• **Supplied material**:
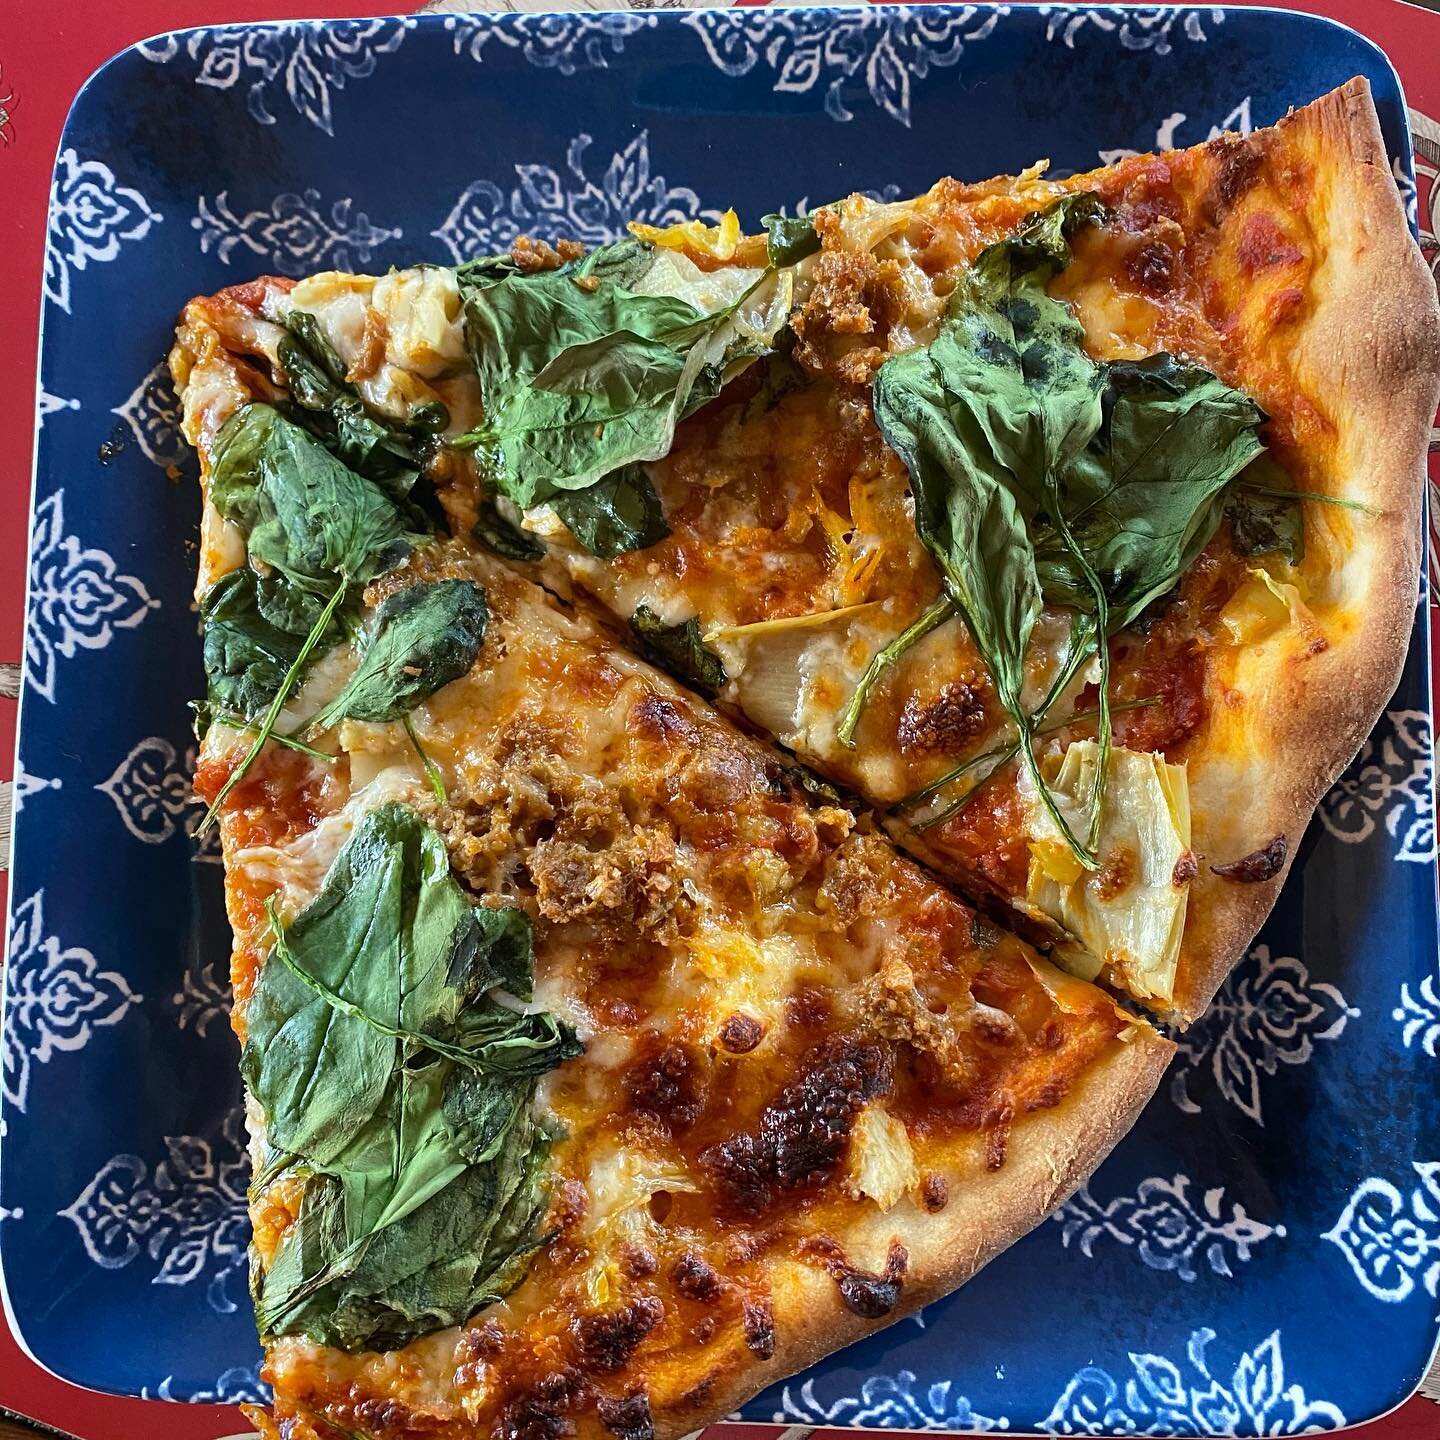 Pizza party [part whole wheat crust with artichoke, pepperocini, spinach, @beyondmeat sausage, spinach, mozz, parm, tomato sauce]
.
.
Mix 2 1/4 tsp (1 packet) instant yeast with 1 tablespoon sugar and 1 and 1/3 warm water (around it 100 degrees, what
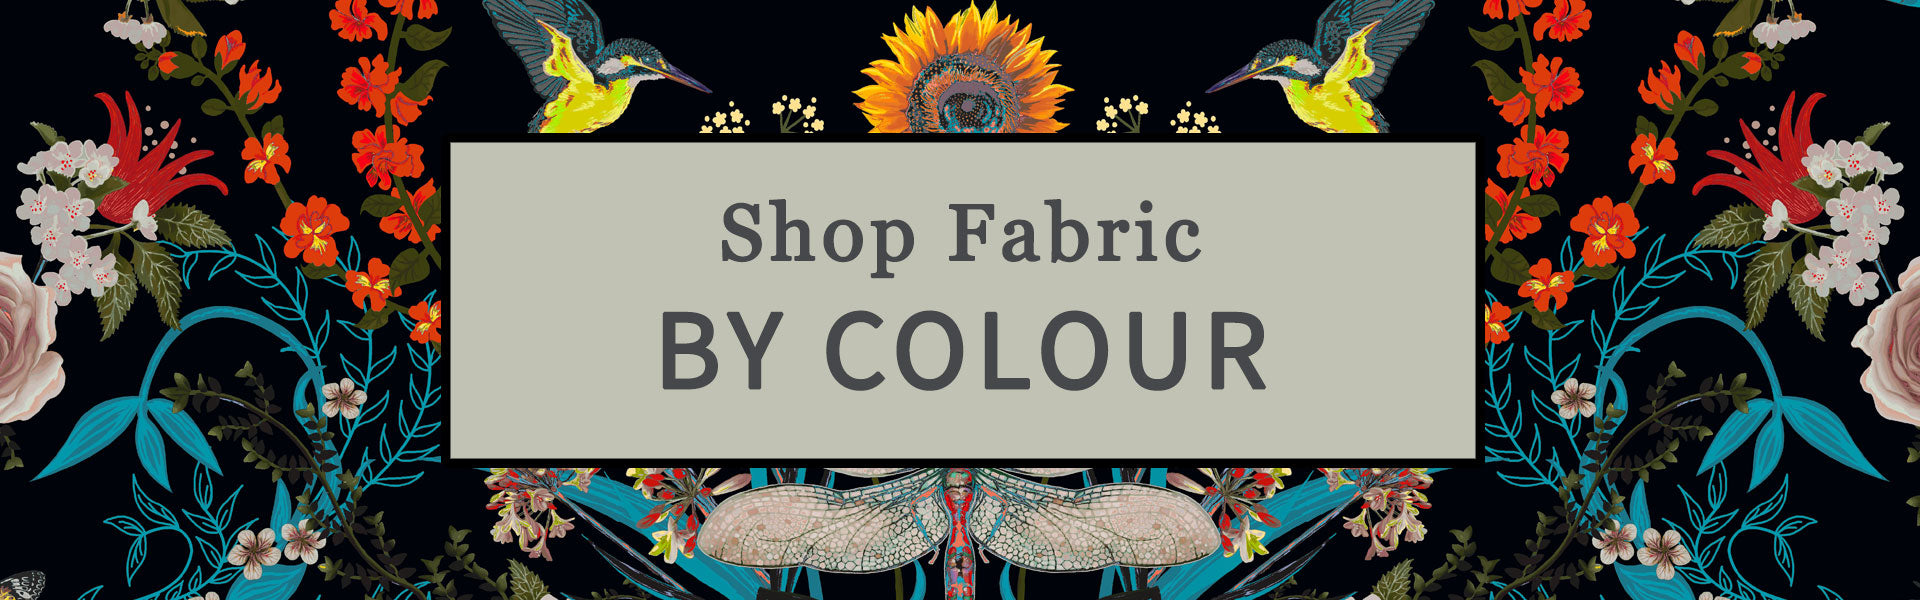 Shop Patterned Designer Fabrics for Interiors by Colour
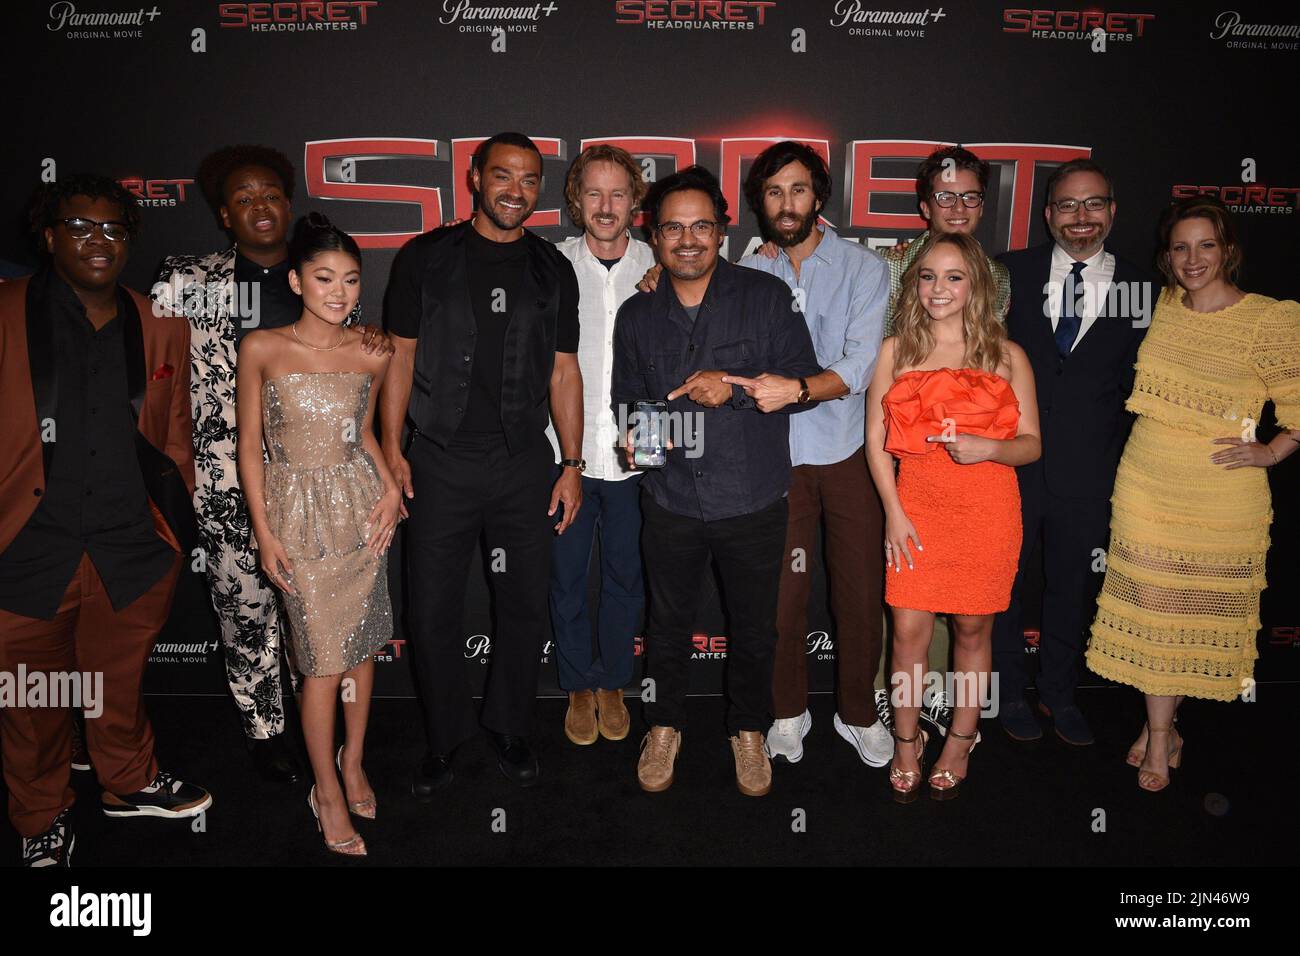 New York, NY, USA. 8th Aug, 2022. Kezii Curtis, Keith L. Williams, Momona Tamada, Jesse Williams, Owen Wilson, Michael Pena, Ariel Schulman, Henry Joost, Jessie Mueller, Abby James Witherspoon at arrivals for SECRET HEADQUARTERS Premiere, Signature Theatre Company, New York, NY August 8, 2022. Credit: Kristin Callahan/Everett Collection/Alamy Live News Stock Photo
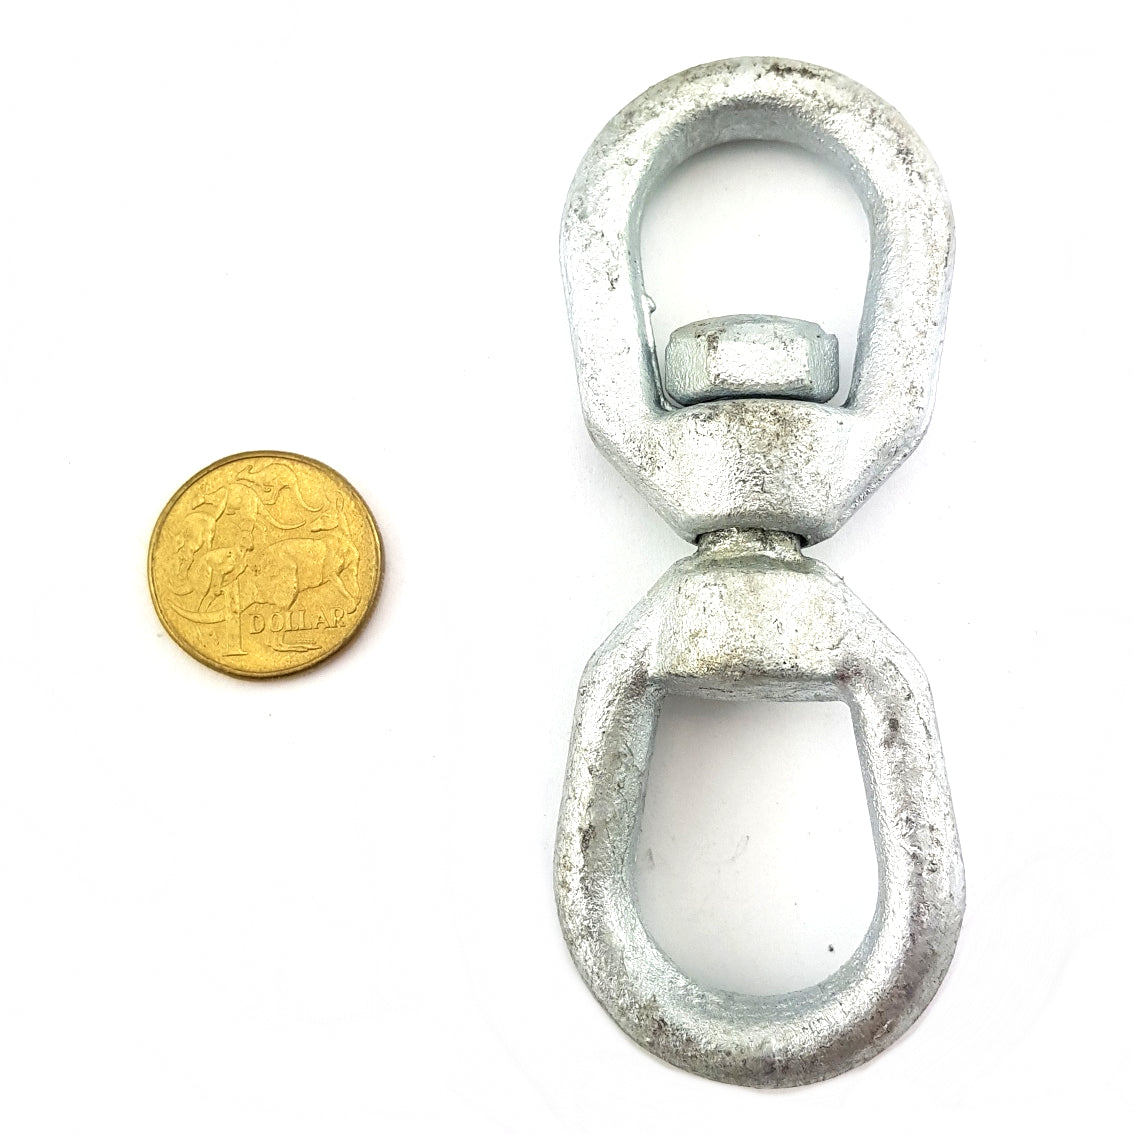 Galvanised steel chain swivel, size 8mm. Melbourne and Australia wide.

• **Required work**:
Transcribe the listing above in full and exactly; no pictures belong in the copy.

• **Task output**:
 Pizza party [part whole wheat crust with artichoke, pepperocini, spinach, @beyondmeat sausage, spinach, mozz, parm, tomato sauce]
.
.
Mix 2 1/4 tsp (1 packet) instant yeast with 1 tablespoon sugar and 1 and 1/3 warm water (around it 100 degrees, what
 Shop Patterned Designer Fabrics for Interiors by Colour
 New York, NY, USA. 8th Aug, 2022. Kezii Curtis, Keith L. Williams, Momona Tamada, Jesse Williams, Owen Wilson, Michael Pena, Ariel Schulman, Henry Joost, Jessie Mueller, Abby James Witherspoon at arrivals for SECRET HEADQUARTERS Premiere, Signature Theatre Company, New York, NY August 8, 2022. Credit: Kristin Callahan/Everett Collection/Alamy Live News Stock Photo
 Galvanised steel chain swivel, size 8mm. Melbourne and Australia wide.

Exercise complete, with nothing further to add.